Earlier this week, Rob brushed his teeth on his own! I am usually telling him “brush here, brush there – you aren’t done, yet, but he did it! I never dreamed they would both handle the drastic change in routine when COVID hit, but they did. I never thought Casey would participate in her high school graduation – sitting with 200 graduates, by herself and walking to the stage and back to her chair. I never thought Rob would want to try new foods or wear new shirts. The list goes on and on of “I never thought…” but they are doing things now!

But – to some people, our successes may seem too simple. Maybe we are just lucky or I have a million dollars for therapies and support staff (don’t I wish! 🙂 ). So I thought I would share a few stories from other families who also “never thought” or were told something would “never” happen. To give more people hope that their child will always be making progress, no matter how slow! Remember, small steps are still progress!

I got a message from my friend “K” the other night that her 11 year old daughter has started using the potty! She even decided on her own!

How about “B”? He has a girlfriend and drives and is hoping to find another job when the pandemic eases up.
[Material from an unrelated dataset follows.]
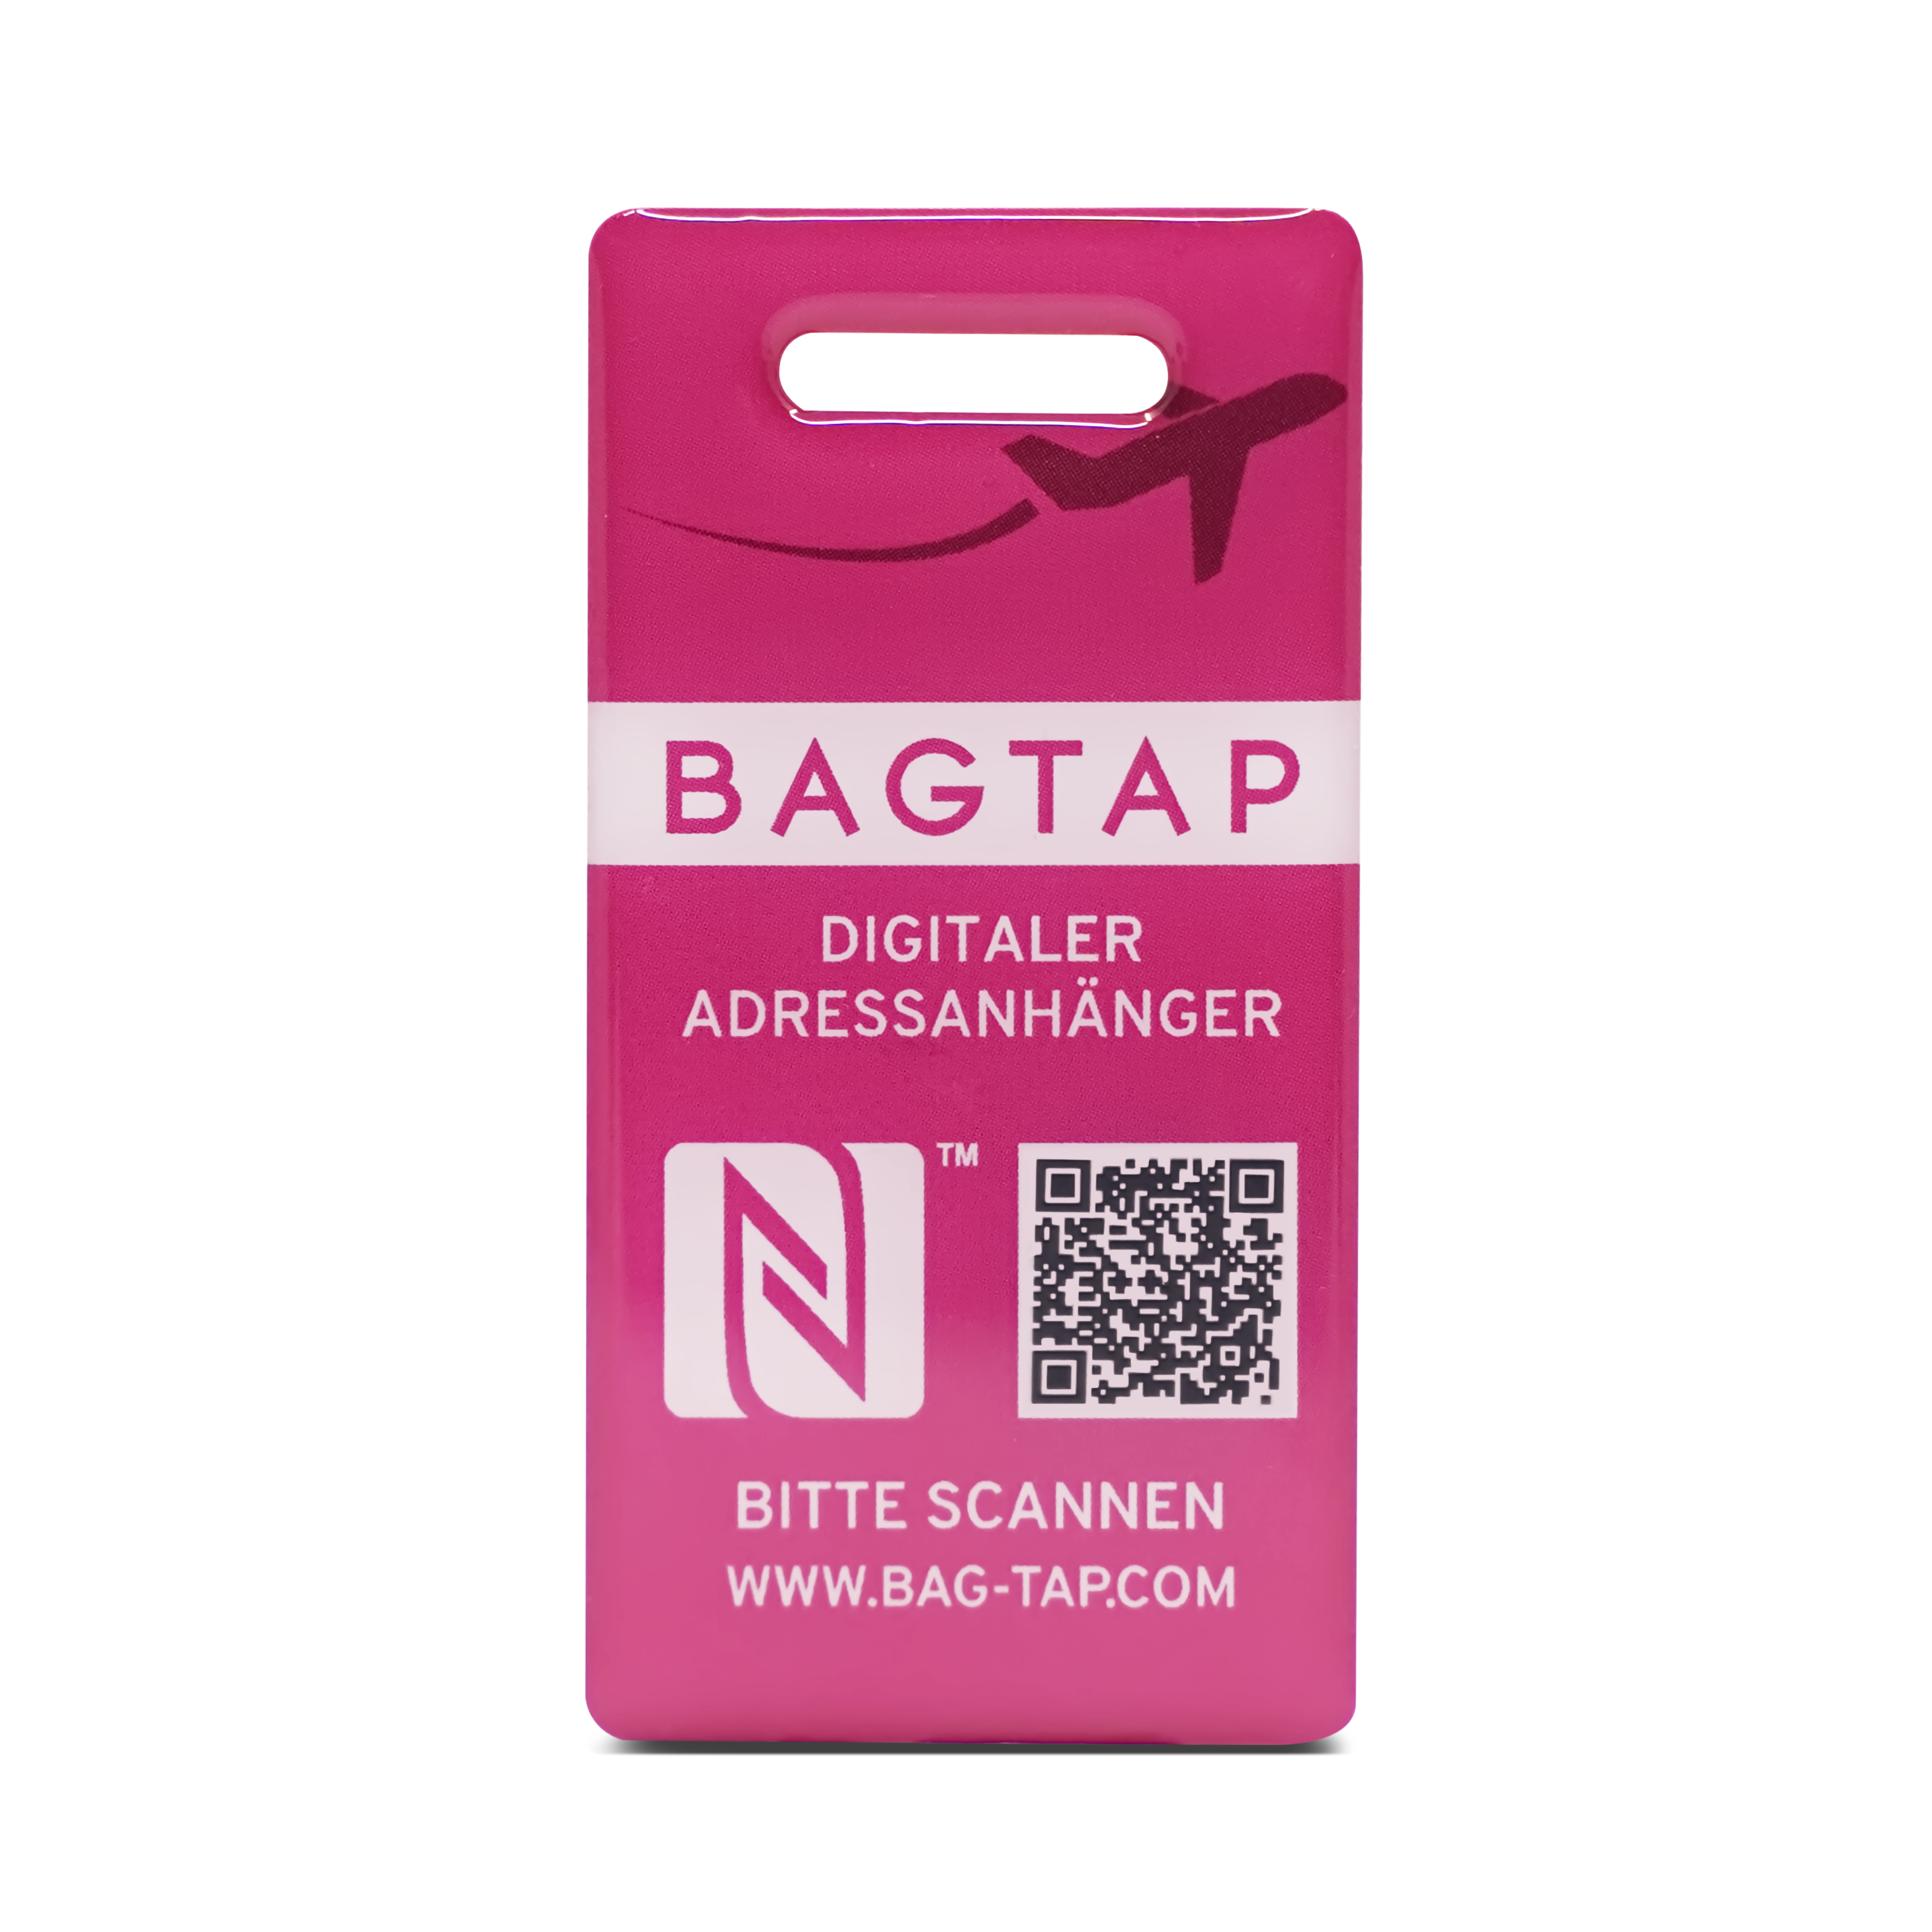 Bagtap PVC Epoxy - Digital address tag - 30 x 60 mm - pink

“T” loves hanging out with friends and will go back to his job when the crisis lets up, too.

“R” no longer has violent outbursts. His parents are able to help him calm down before he gets too upset.

How about “A”? She can finally be in the same room with her brother. For years, his noise caused her such pain that she physically attacked him. Their parents were on the verge of separating so there were two houses for the kids, when “A” learned to handle being near her brother.

What about “R”? He used to be a runner with no sense of safety. He can now walk around town by himself and has a job that he loves in a school.

I also know a few that are in college – some on their own, some with supports.

I’ve known some of these young people since they were toddlers and I’ll admit – I had thoughts about what each would be able to do as an adult. And they have proved me wrong – happily.

Please – when you have bad days with autism (and we all do – don’t buy anyone’s line that autism is always easy!) talk to someone without your child hearing. You never want your child to hear that you have any doubts about how amazing they are! Vent to someone and then go right back to loving and supporting your child.

Keep your hope alive. It isn’t easy – I’ll be the first to admit I had days when I doubted we would make it through the next day without my losing my mind. When those times happen, stop thinking about the future. Think about your next breath. Think about a glass of wine or a piece of chocolate. Think about anything that will help you calm down. Days do get better. Life does get easier.

Keep on hoping! Keep dreaming! Keep your faith!